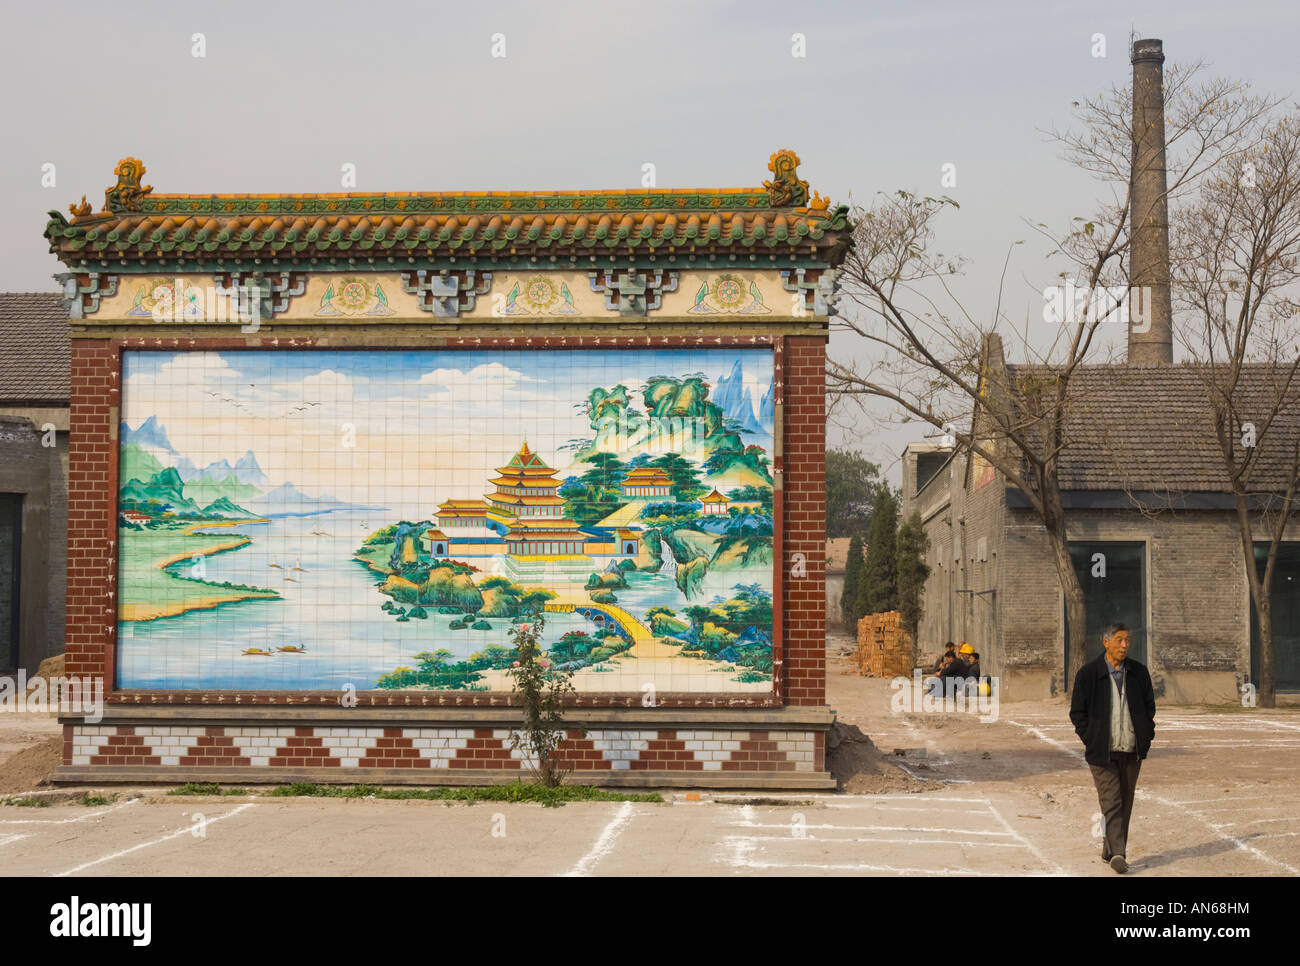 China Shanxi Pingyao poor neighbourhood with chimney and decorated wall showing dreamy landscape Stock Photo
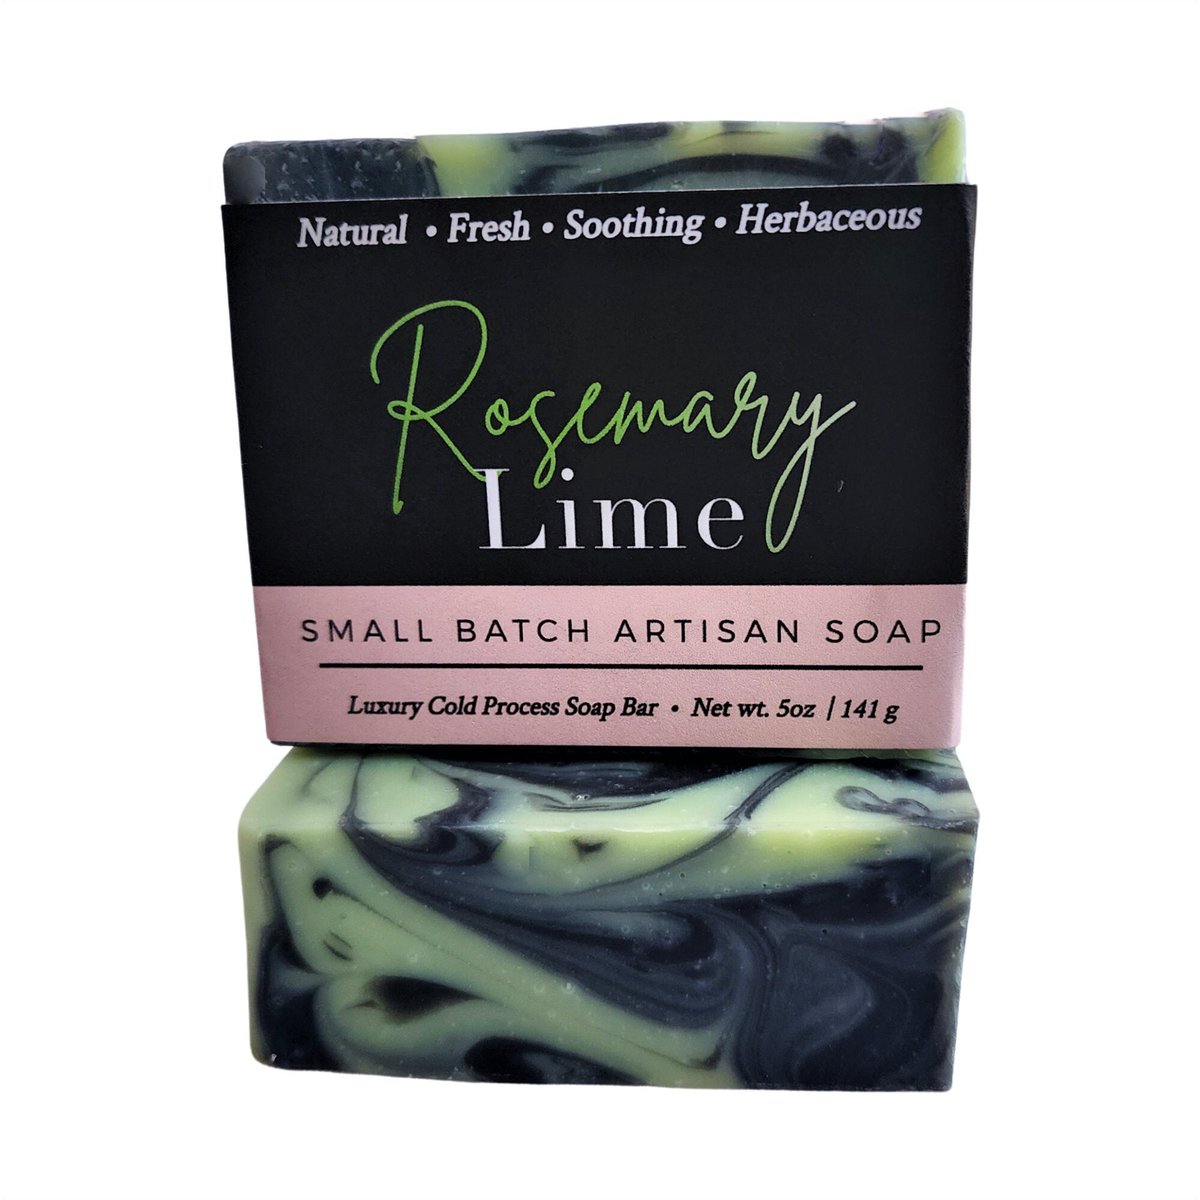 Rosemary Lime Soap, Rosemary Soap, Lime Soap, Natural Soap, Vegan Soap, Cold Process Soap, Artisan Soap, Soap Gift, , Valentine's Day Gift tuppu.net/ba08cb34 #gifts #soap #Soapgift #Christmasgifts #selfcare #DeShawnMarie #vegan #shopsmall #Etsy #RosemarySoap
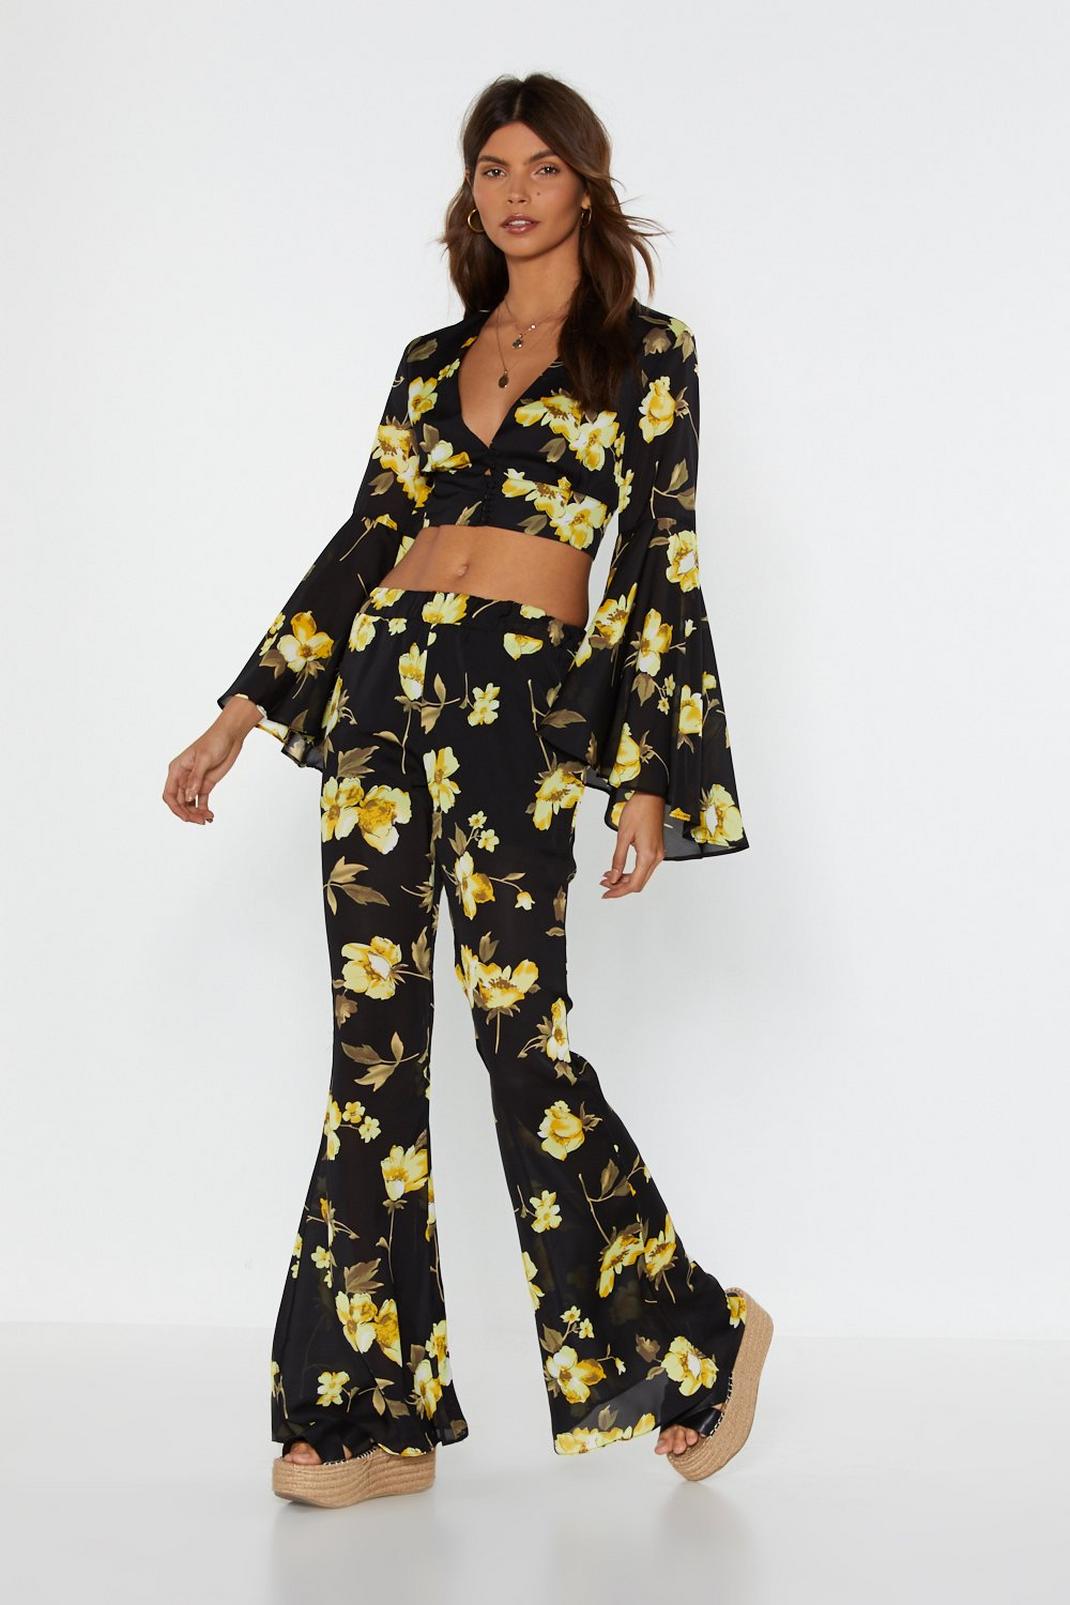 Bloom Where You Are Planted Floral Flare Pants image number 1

-.-.-

■ **WHAT IS EXPECTED**
Reproduce the data word for word; no pictures.

■ **WORKED SOLUTION**
 China Shanxi Pingyao poor neighbourhood with chimney and decorated wall showing dreamy landscape Stock Photo
 Rosemary Lime Soap, Rosemary Soap, Lime Soap, Natural Soap, Vegan Soap, Cold Process Soap, Artisan Soap, Soap Gift, , Valentine's Day Gift tuppu.net/ba08cb34 #gifts #soap #Soapgift #Christmasgifts #selfcare #DeShawnMarie #vegan #shopsmall #Etsy #RosemarySoap
 Bloom Where You Are Planted Floral Flare Pants image number 1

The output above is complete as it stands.